Ci sono imprenditori che costruiscono fabbriche e imprenditori che costruiscono comunità. Giovanni Borghi, imprenditore visionario e fondatore della storia IGNIS, azienda simbolo dell’innovazione negli elettrodomestici, appartiene senza dubbio a questa seconda categoria. A Comerio, presso l’ex sede Whirlpool, cuore pulsante di una storia familiare e industriale nonché simbolo di un’epoca che ha plasmato l’Italia del dopoguerra, si è svolta la celebrazione del 50° anniversario della morte di Giovanni Borghi. Parte significativa della commemorazione è stata l’emissione, da parte di Poste Italiane, di un annullo filatelico speciale che vede Borghi nella sua classica posa con le dita incrociate. Questo timbro rende l’occasione ancora più indimenticabile, trasformando un momento di memoria in un piccolo pezzo di storia tangibile e simboleggiando il valore duraturo di una figura così importante. L’evento, fortemente voluto da Maurizio Gandini e il suo gruppo di lavoro, segna un passo fondamentale per la riqualificazione dell’area industriale di Comerio con l’inizio di progetti per trasformare l’area in un polo sociale e culturale, rendendo omaggio al passato e costruendo un futuro intriso dei valori che Borghi ha saputo seminare e che traspaiono tutt’oggi dalle parole di suo figlio Guido.

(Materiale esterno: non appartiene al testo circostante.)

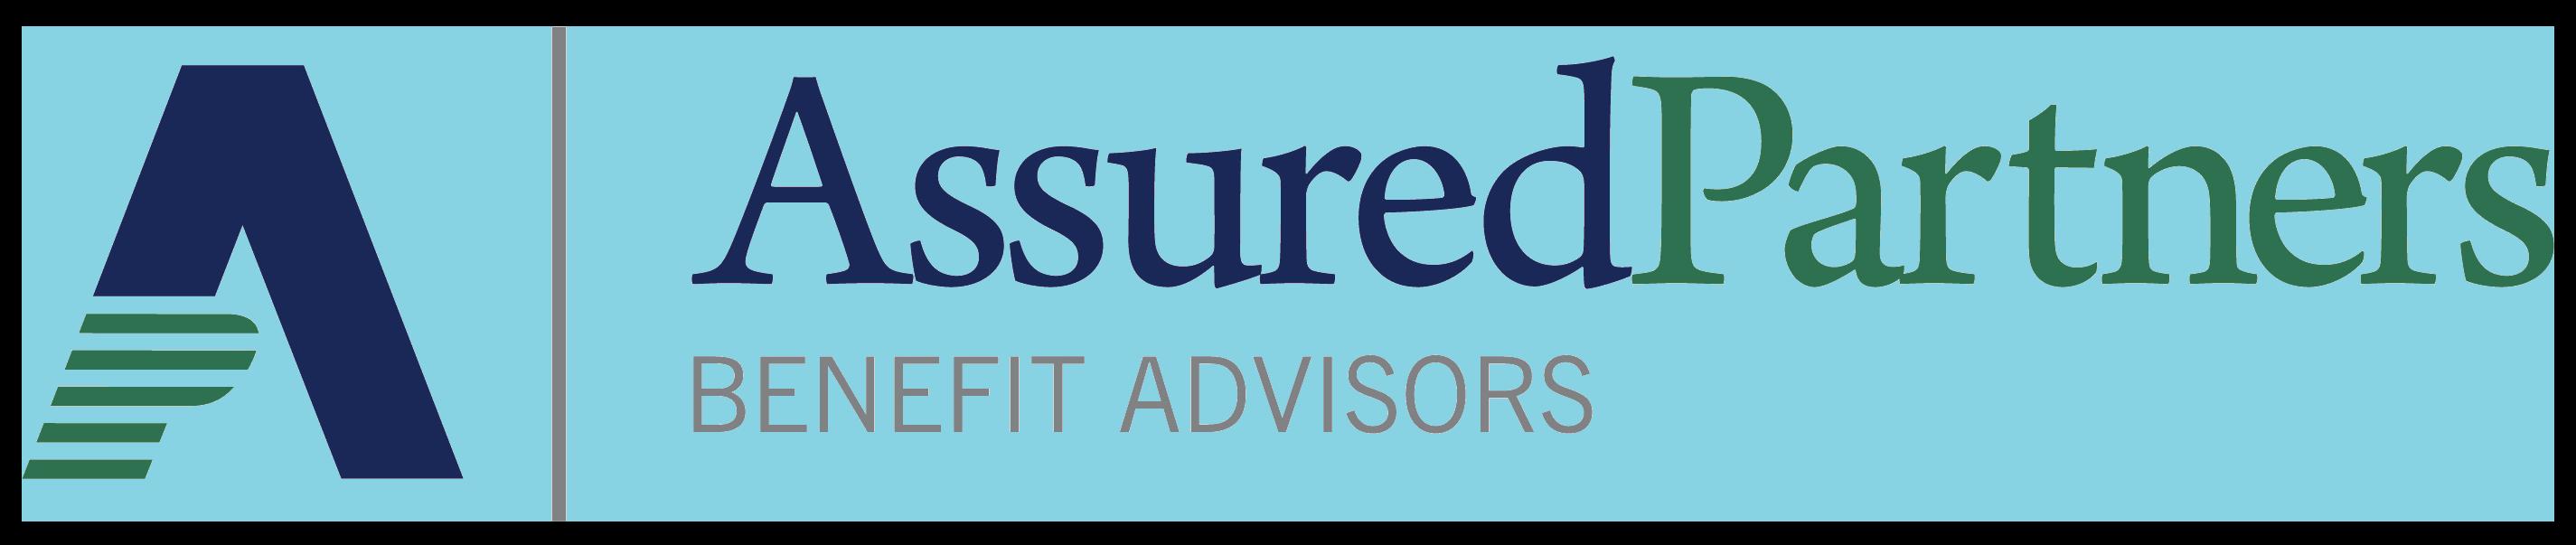 AP Benefit Advisors

Con occhi lucidi di emozione, pieni di memoria e affetto, Guido Borghi inizia a raccontare: “Tutto questo è frutto del DNA: l’epigenetica, ancora una volta, ha permesso di portare avanti i tratti, i geni e le caratteristiche che erano già presenti nella mia famiglia. Partiamo da mio nonno che, insieme ai suoi figli, è riuscito a creare una piccola azienda nel settore degli elettrodomestici e degli impianti elettrici, utili ai grandi stabilimenti i quali, negli anni ‘20 e ‘30, erano già in grande fermento industriale. Ciò che ha fatto la differenza è stata la volontà, la determinazione che ha guidato ogni passo della nostra storia familiare”.

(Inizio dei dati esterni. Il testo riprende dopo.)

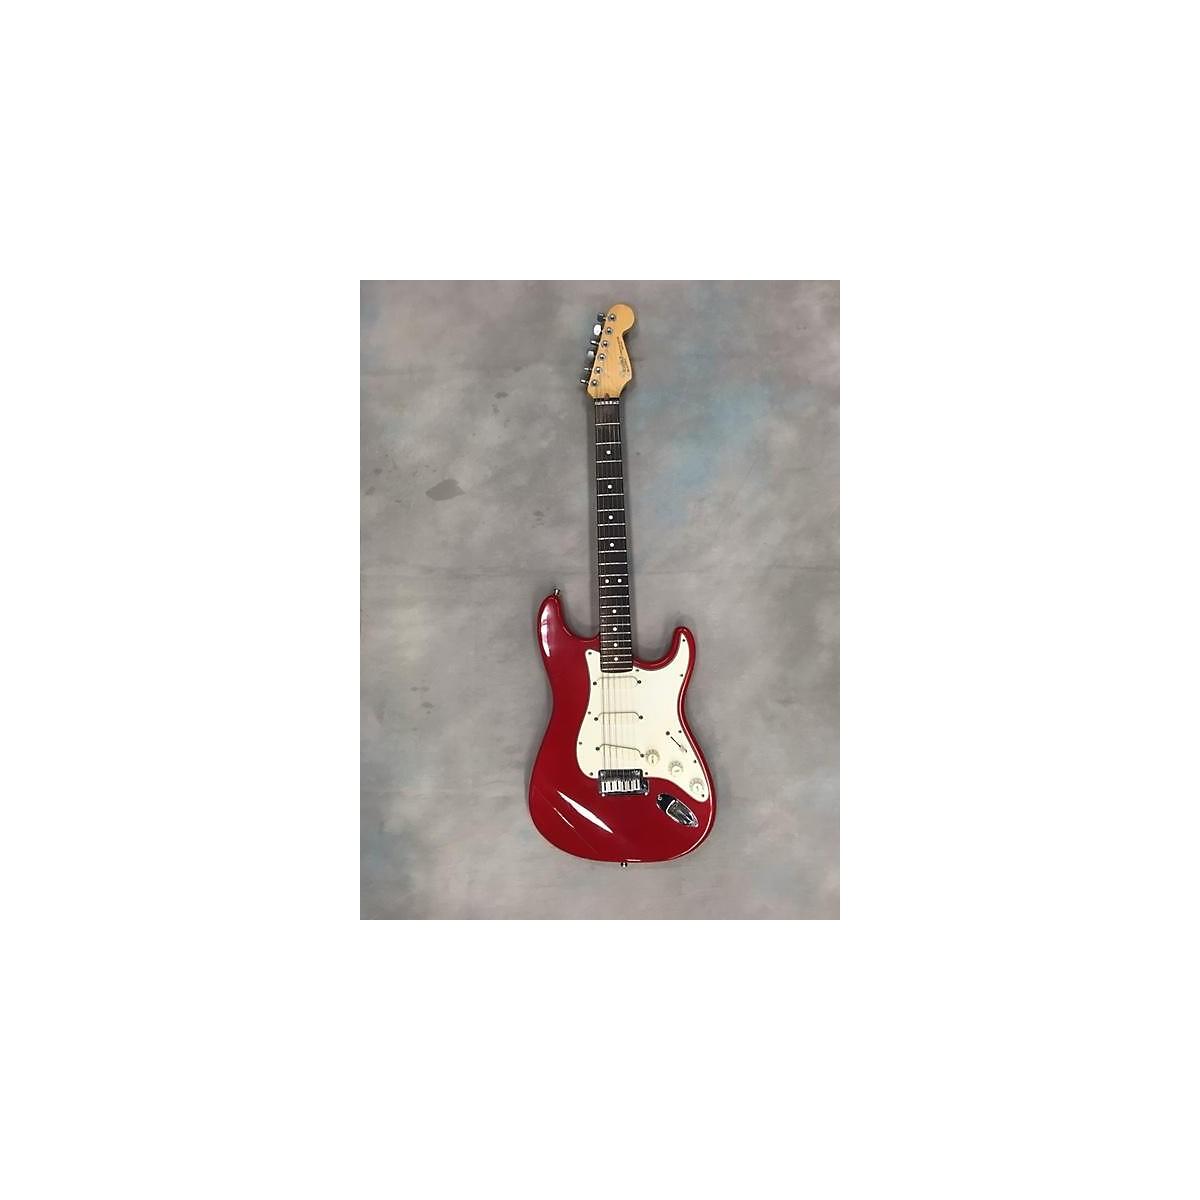 Fender 1993 Strat Plus Solid Body Electric Guitar

Ogni parola è un filo rosso che intreccia il presente al passato, tessendo una tela di sorrisi trattenuti e sguardi emozionati capace di raccontare tutto ciò che le parole non riescono a contenere. Ogni silenzio tradisce l’emozione di chi sente ancora, nel cuore, la presenza del padre: un’ombra dolce e avvolgente che accompagna ogni pensiero. L’emozione si fa ancora più profonda quando iniziamo a ricordare gli esordi del grande impero Borghi. Immagini di mani che accarezzano la terracotta dei primi fornelli, spirali di ferro che si riscaldano lentamente riflettendosi negli occhi di chi, in quel calore, vede un sogno destinato a durare più di una vita. “Finita la guerra, mio papà ha avuto un colpo di ingegno: si è accorto che in Italia i riscaldamenti funzionavano grazie alle bombole a gas che alimentavano le stufette per riscaldare le case. Ha capito subito che questa sarebbe stata la soluzione chiave per creare elettrodomestici a gas – afferma Guido Borghi –. Ha inventato quindi il fornello a gas e negli anni ‘49-’50, alla Fiera Internazionale di Milano, ha dimostrato la sua efficacia: mentre un fornello elettrico impiegava 20 minuti per portare l’acqua a ebollizione, il fornello a gas ci riusciva in soli 5 minuti utilizzando una sola fonte di calore. Il successo è stato immediato. Poco dopo ha siglato un accordo con la Pibigas, che vendeva le bombole, e ha iniziato la distribuzione dei suoi prodotti in Italia”.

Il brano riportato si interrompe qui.